Well, it´s me again!

I´ve been in UK in August 2005 but we didn´t really stop in Calais or in Dover for overnighting. From what I´ve read here, you can stop in "sans billet" park in Calais docks, but you can´t in Dover docks. Is this 100 % true or not? 
Oh, and this. I´ve also read that a lot of people go to Cap Gris Nez, stay in Wissant, and even at St.Margaret´s at Cliffe! As we are planning to visit the location of Julius Caesar´s first landing in Britain near Walmer, I was thinking if there was a wild camping spot as well?
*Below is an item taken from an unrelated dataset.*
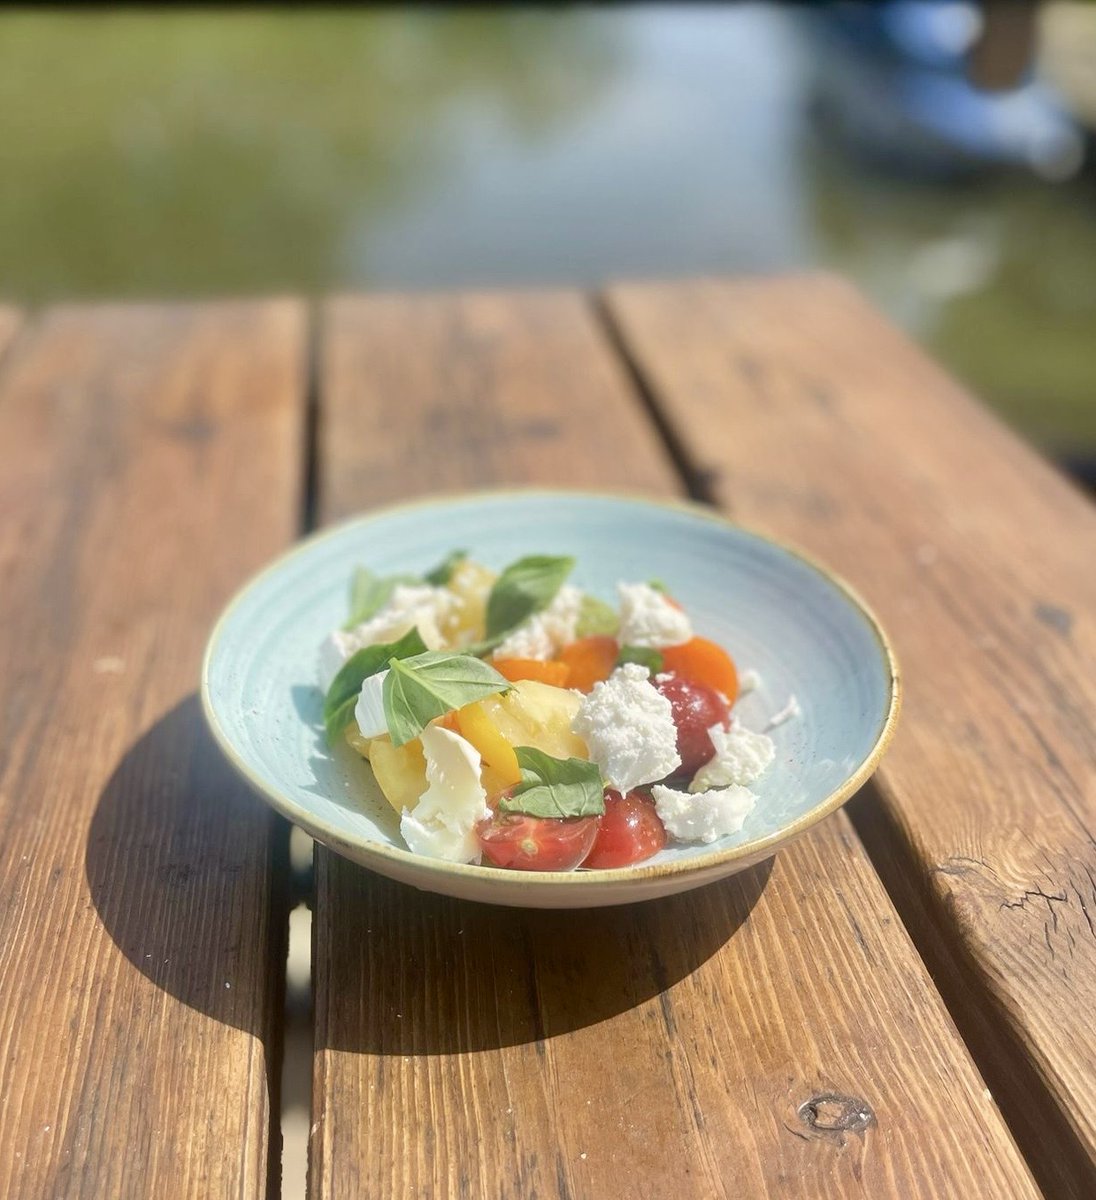 Our New Summer Special- Nutbourne tomato and Gaot's cheese salad 🤩 Book your table now to get to try this delicious new addition. 
@youngschefs @youngspubs #chertsey #riversidelunch

As usual, thanks for all the info. :wink: 

Miha, from Slovenia


----------



## bognormike (May 10, 2005)

I think the entrance to Dover is difficult & you can't go anywhere but up to the check in counters, so no real opportunity to park up like at Calais. There is the Marine Parade parking which is well documented on here - try a search!


----------



## peejay (May 10, 2005)

Hi Miha, welcome to MHFacts,

No overnight parking allowed at Dover docks i'm afraid but you can overnight at marine parade.......










On the other side in France, they aren't keen on overnight parking at Gris Nez ever since the area has been redeveloped but some have got away with the odd night. Absolutely no problems parking at the 'sans billets' at the calais terminal though.
A few more maps to help you...

'Sans Billets' parking location at Calais docks (free).....









The official aire at Calais (€7per night).....









An alternative to the aire at the marina (free).....









happy travels,

pete.


----------